It's unsurprising that round-tripping long content through an LLM results in corruption. Frequent LLM users already know not to do that.
They claim that tool use didn't help, which surprised me... but they also said:
> To test this, we implemented a basic agentic harness (Yao et al., 2022) with file reading, writing, and code execution tools (Appendix M). We note this is not an optimized state-of-the-art agent system; future work could explore more sophisticated harnesses.
And yeah, their basic harness consists of read_file() and write_file() - that's just round-tripping with an extra step!
The modern coding agent harnesses put a LOT of work into the design of their tools for editing files. My favorite current example of that is the Claude edit suite described here: https://platform.claude.com/docs/en/agents-and-tools/tool-us...
The str_replace and insert commands are essential for avoiding round-trip risky edits of the whole file.
They do at least provide a run_python() tool, so it's possible the better models figured out how to run string replacement using that. I'd like to see their system prompt and if it encouraged Python-based manipulation over reading and then writing the file.
Update: found that harness code here https://github.com/microsoft/delegate52/blob/main/model_agen...

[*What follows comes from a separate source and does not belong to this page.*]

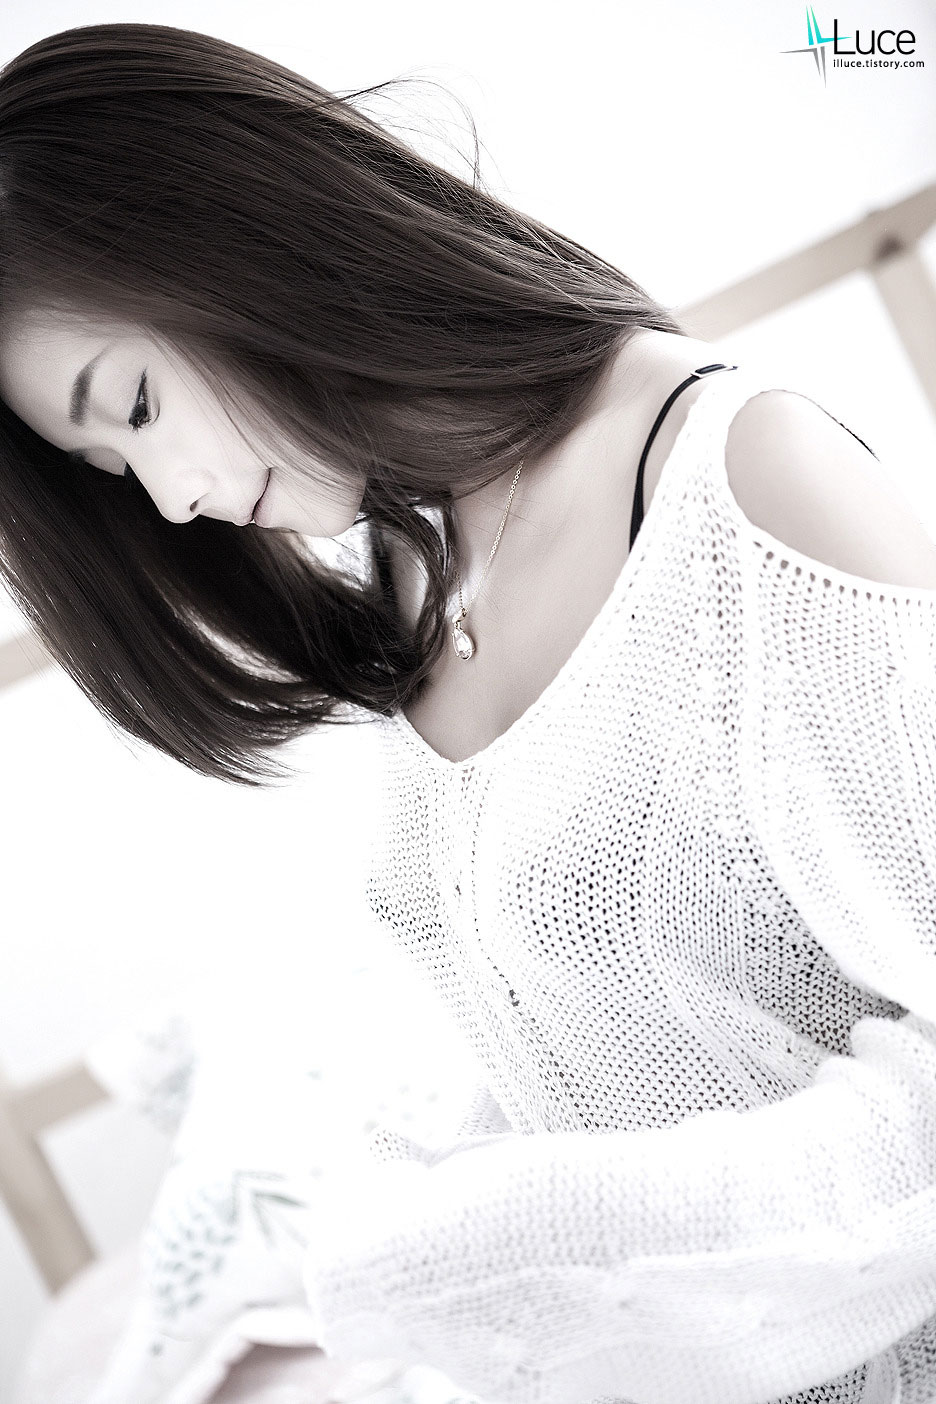 Model Kim Ha Yul studio photoshoot

The relevant prompt fragment is:
You can approach the task in whatever
way you find most effective:
programmatically or directly
by writing files
As with so many papers like this, the results of the paper reflect more on the design of the harness that the paper's authors used than on the models themselves.I'm confident an experienced AI engineer / prompt engineer / pick your preferred title could get better results on this test by iterating on the harness itself.